9. What are the key external risks going forward?

  1. Externally, uncertainty remains high.
  2. There is still no clarity on how long US tariffs will continue, and global trade conditions remain weak.
  3. There is also a risk that Chinese exports, blocked from the US market, may be redirected to other regions, including India, increasing competition for Indian producers.
  4. The AI boom in the US is hiding deeper economic weaknesses. Although technology-driven growth looks strong, the US labour market has weakened, which may slow the economy over time.
  5. At the same time, many developed countries have high debt and fiscal deficits. To reduce this burden, governments may allow higher inflation to erode the real value of debt, a process known as inflating away debt.
  6. If this happens, it could create global market instability, affecting countries like India.

10. Why is consumption critical for India’s long-term growth?

  1. According to a World Bank report, India must grow at an average of 8% for over two decades to reach high-income status by 2047.
  2. Historically, India’s trend growth has been 6–7%, with near-8% growth achieved only briefly during FY03–08.
  3. India’s most reliable growth engine has been domestic consumption, which can revive private investment and attract FDI.
  4. However, weak demand visibility is discouraging companies from expanding capacity.
  5. At the same time, rising capital productivity relative to labour productivity raises concerns about how growth benefits will be distributed.
  6. India’s new labour codes are only a small initial step in addressing this challenge.
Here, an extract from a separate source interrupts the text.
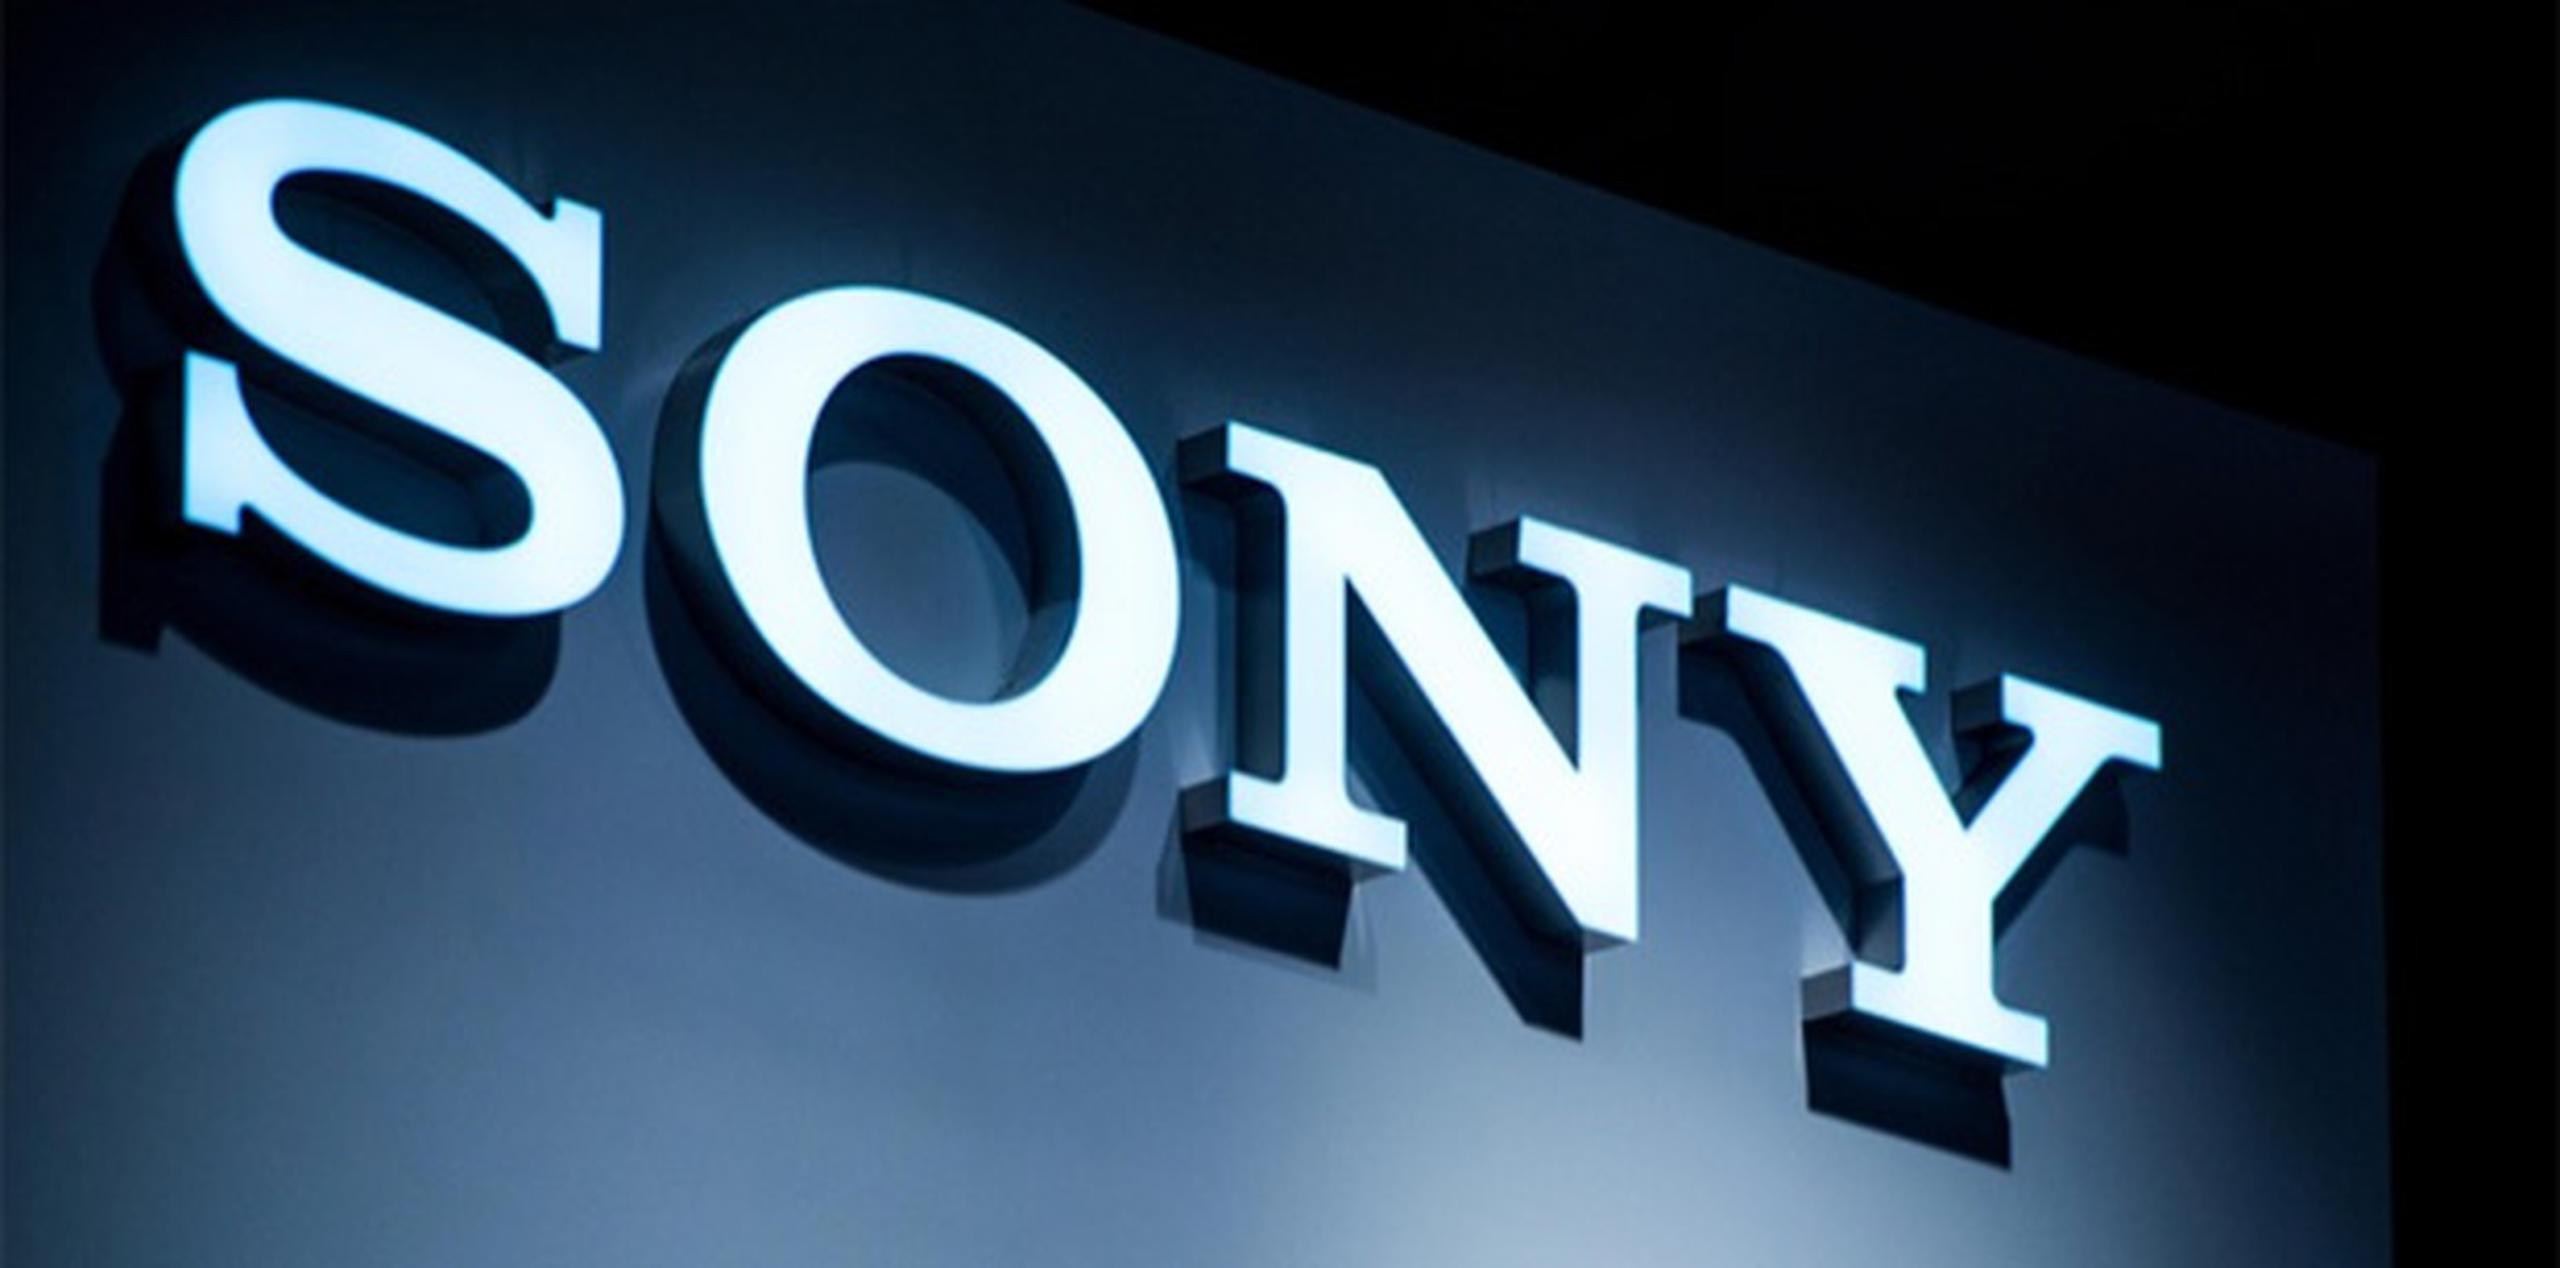 Los analistas señalan que la iniciativa de Sony responde a que Estados Unidos es el primer mercado mundial de videojuegos por volumen de ventas ligeramente por encima de Europa y muy lejos de Japón. (Archivo)

11. What is the way forward to revive consumption and sustain growth?

  1. India must focus on reviving domestic consumption, especially urban demand, to provide confidence for private investment.
  2. Policy must balance fiscal prudence with targeted support to boost demand, while continuing structural reforms that improve productivity and employment.
  3. Externally, India should accelerate trade negotiations with the EU and other partners to reduce tariff dependence on the US.
  4. Strengthening services exports, remote work opportunities, and skill development will be crucial in an AI-driven global economy.

Conclusion

India successfully weathered severe tariff shocks in 2025 due to domestic stability, reform efforts, and capital inflows. However, the sustainability of growth now depends on reviving domestic consumption to drive private investment. Without this, external uncertainties, weak demand, and global disruptions could constrain India’s economic momentum in the years ahead.

Ensure IAS Mains Question

Q. Despite weathering external tariff shocks in 2025, India faces headwinds from weak domestic consumption. Analyse the reasons for India’s resilience to external shocks and examine why reviving consumption is critical for sustaining private investment and long-term growth. (250 words)

 

Ensure IAS Prelims Question

Q. With reference to India’s economic outlook in 2025-26, consider the following statements:

1.     India faced higher effective tariffs in the US market than China during 2025.
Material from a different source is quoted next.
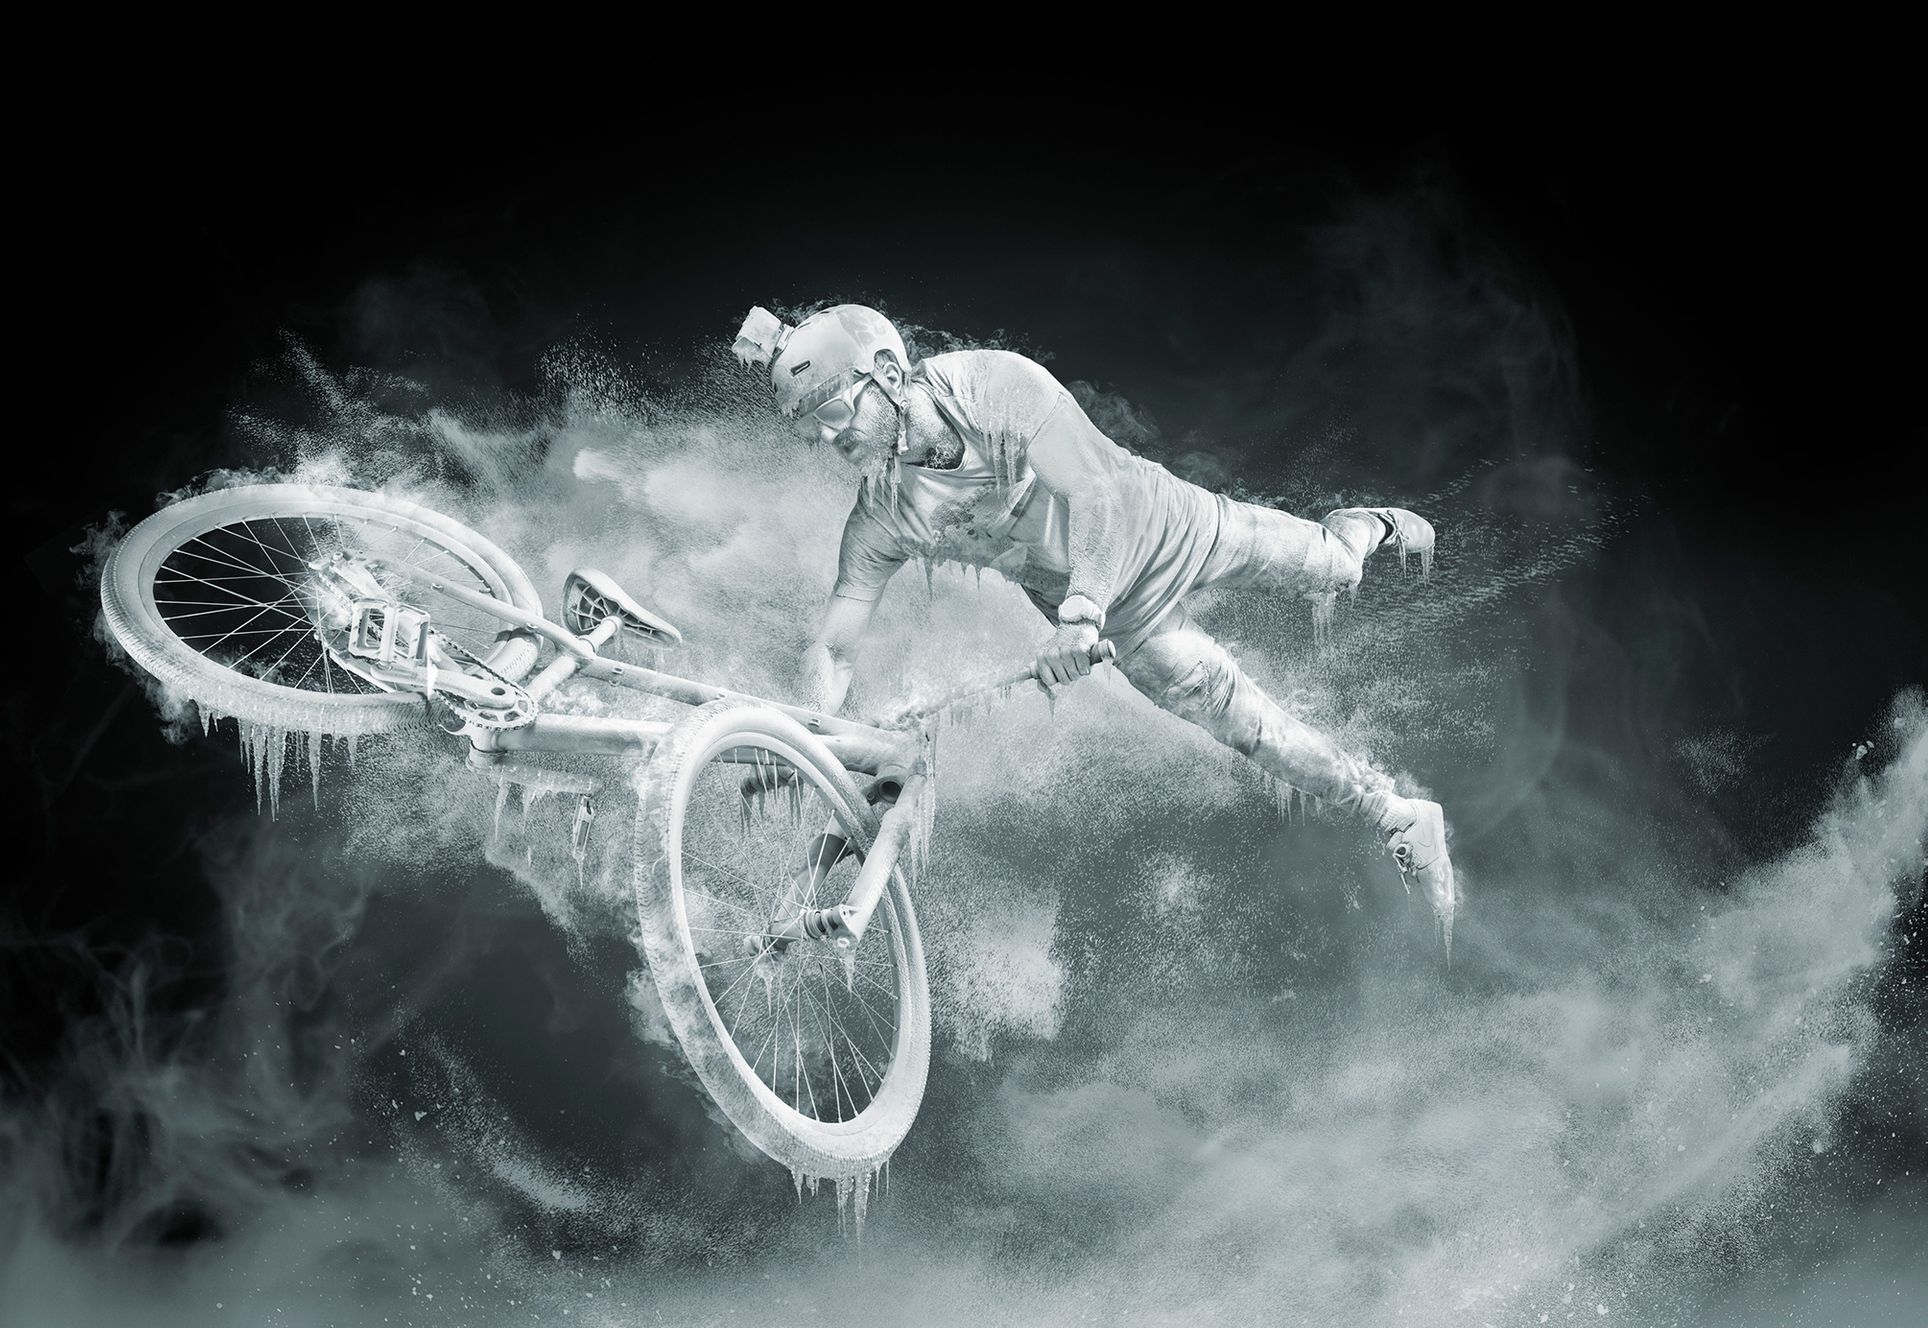 Vítězné snímky z fotografické soutěže Red Bull Illume 2019, zaměřené na extrémní sporty

2.     Recovery in India’s exports to the US was partly driven by higher exports of tariff-exempt goods.

3.     Capacity utilisation in India has crossed 80%, leading to a strong revival of private investment.
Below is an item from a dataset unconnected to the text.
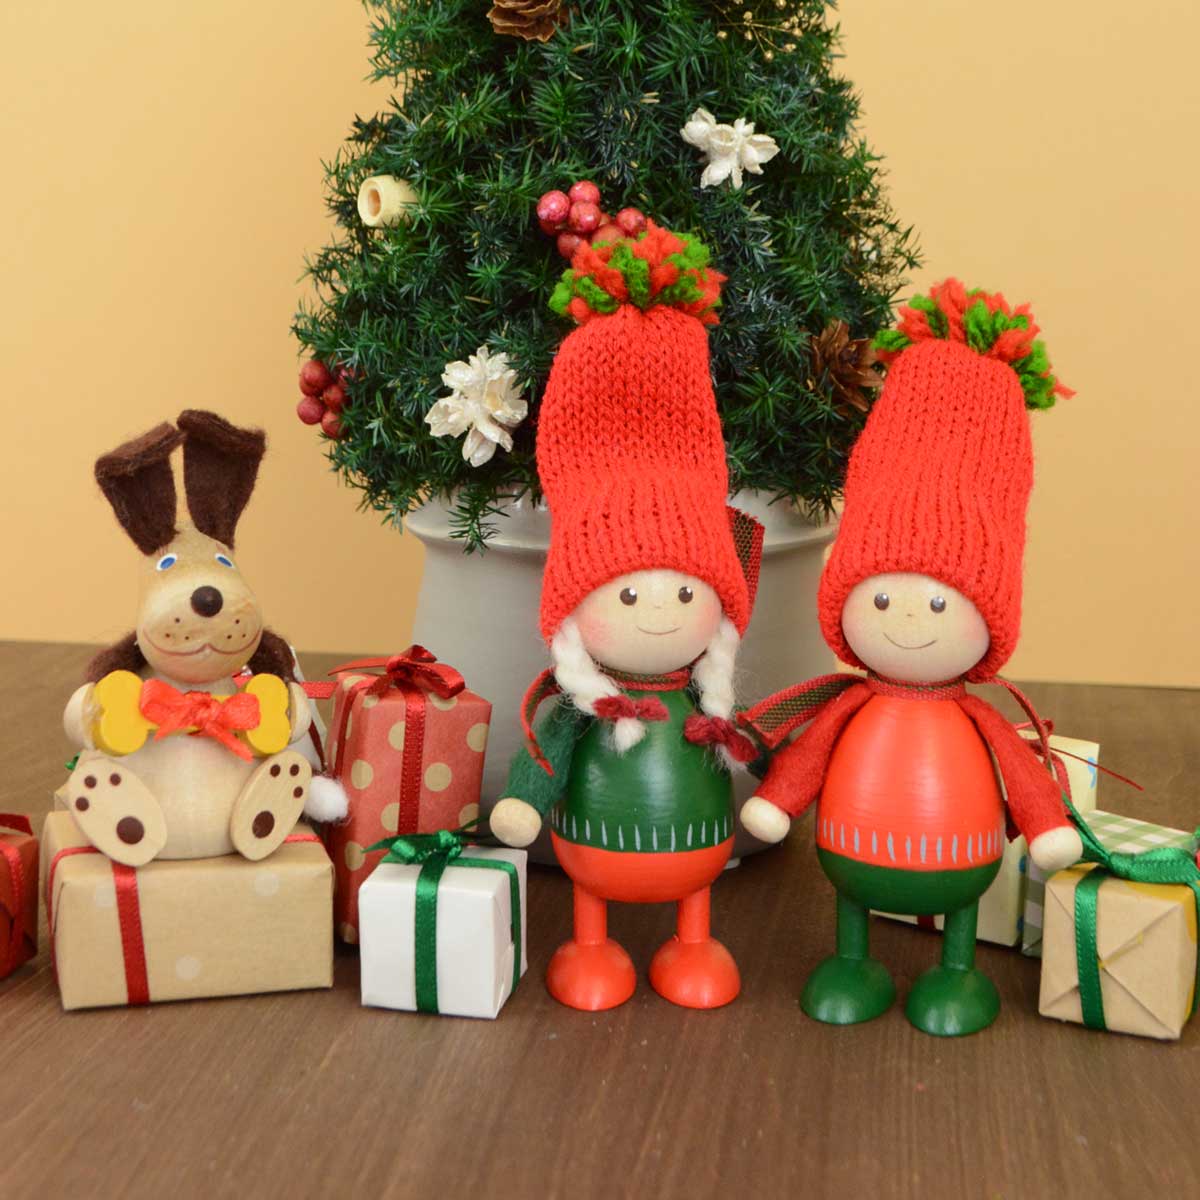 【予約】【2023新作】NORDIKA nisse ノルディカ ニッセ クリスマス 木製人形 ( 赤いセーターのふとっちょ男の子 / ツインズ )

Which of the statements given above is/are correct?

[A] 1 and 2 only

[B] 2 and 3 only

[C] 1 and 3 only

[D] 1, 2 and 3

Answer: [A] 1 and 2 only

Explanation:

Statement 1 is correct: In 2025, India faced the highest effective tariffs into the US, even higher than China, due to reciprocal tariffs and additional penalties.

Statement 2 is correct: India’s export recovery was supported by tariff-exempt goods such as pharmaceuticals and electronics, along with market diversification.

Statement 3 is incorrect: Capacity utilisation remains around 75-77%, below the level required for a strong and sustained revival of private investment.